Bandcamp Curates Independent Artists for Fortnite’s “Radio Underground”!
Every Victory Royale deserves a fantastic soundtrack. Right now, Bandcamp is taking a spin in the Radio Underground control room! The next time you’re cruising around the Island, tune into Radio Underground to hear Bandcamp’s handcrafted playlist featuring independent artists from around the world. From rock and pop to disco and synthwave, there’s something for everyone!
Bandcamp is an online record store and music community where passionate fans discover, connect with, and directly support the artists they love.
Bandcamp’s Radio Underground takeover runs for the rest of Battle Royale Chapter 4 Season 1. Here’s a full rundown of all the artists and tracks featured:
Artist and Track Rundown
The Beths, "The Great No One"
Sunny indie rock from New Zealand, full of jangly guitars and rich harmonies.

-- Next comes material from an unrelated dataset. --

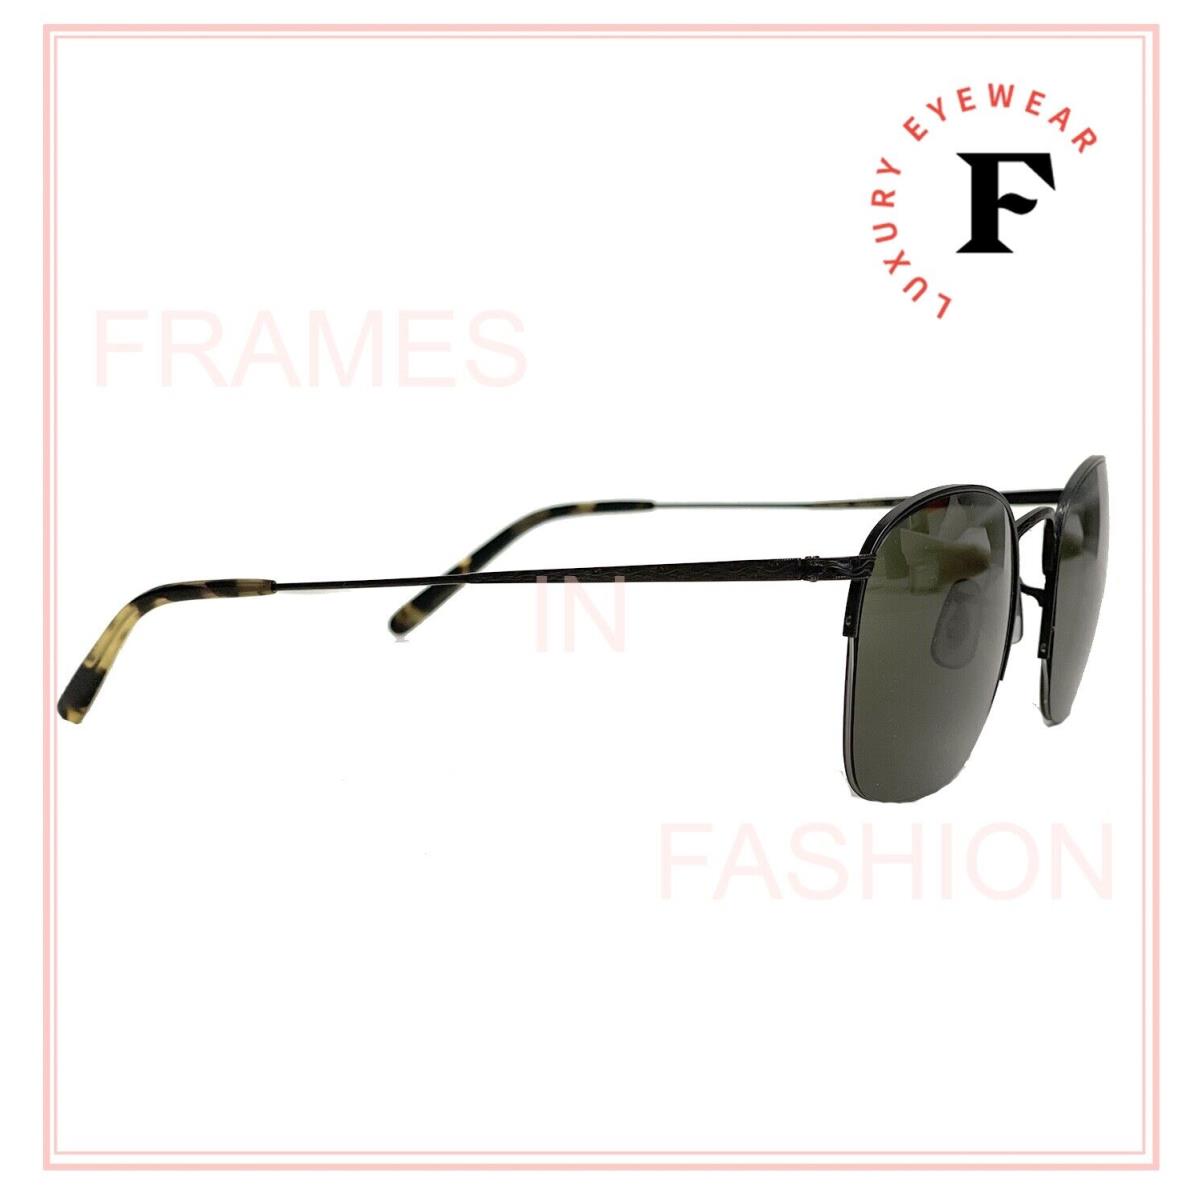 Oliver Peoples Rickman OV1209S 51mm Matte Black G15 Unisex Metal Sunglasses  1209 | 083643655387 - Oliver Peoples sunglasses RICKMAN - 5062/71 , Black  Frame, Gray Lens | Fash Direct

Starflyer 59, "New Guitar"
Infectious noise pop from a long-running California band with ’90s alternative rock roots.
This rising Philadelphia group pairs catchy pop-punk hooks with raw, relatable lyrics.
Pow Wow!, "Don't Stop to Look"
Combining disco, rock, and soul, these New Yorkers’ sound was built for the dancefloor.
Ronnie Martin, "Sing Among the Branches"
Veteran producer Ronnie Martin channels the best of ’80s synthwave into a neon-lit stunner.
P.E., "Contradiction of Wants"
Psychedelic textures, swooping vocals, industrial drums, saxophones, hand-claps: these Brooklynites are a lot, in the best possible way.
De Lux, "On and On Till the End of Us"
This Los Angeles “post-disco” duo put a shadowy spin on synth-pop that’s a little goth, a little punk, and entirely awesome.
Pale Blue Eyes, "TV Flicker"
Pillow-soft grooves and coasting rhythms, built around one of the most infectious, alien synth lines of recent memory.
Pool Kids, "That's Physics, Baby"
Infusing emo with elements of math rock, prog, indie, and even jazz, these Florida up-and-comers stand poised for greatness.
Jungle Rat USA, "Love One Another"
Initially released in 1971 and shrouded in mystery until last year, this funky gem from Panama is a prime example of “souldies” (aka soul combined with R&B).
Ginger Root, "Loretta"
Inspired by Japan’s “city pop” movement of the ’70s and ’80s, Ginger Root describes his music as “aggressive elevator soul”: in-your-face, but also impossibly smooth.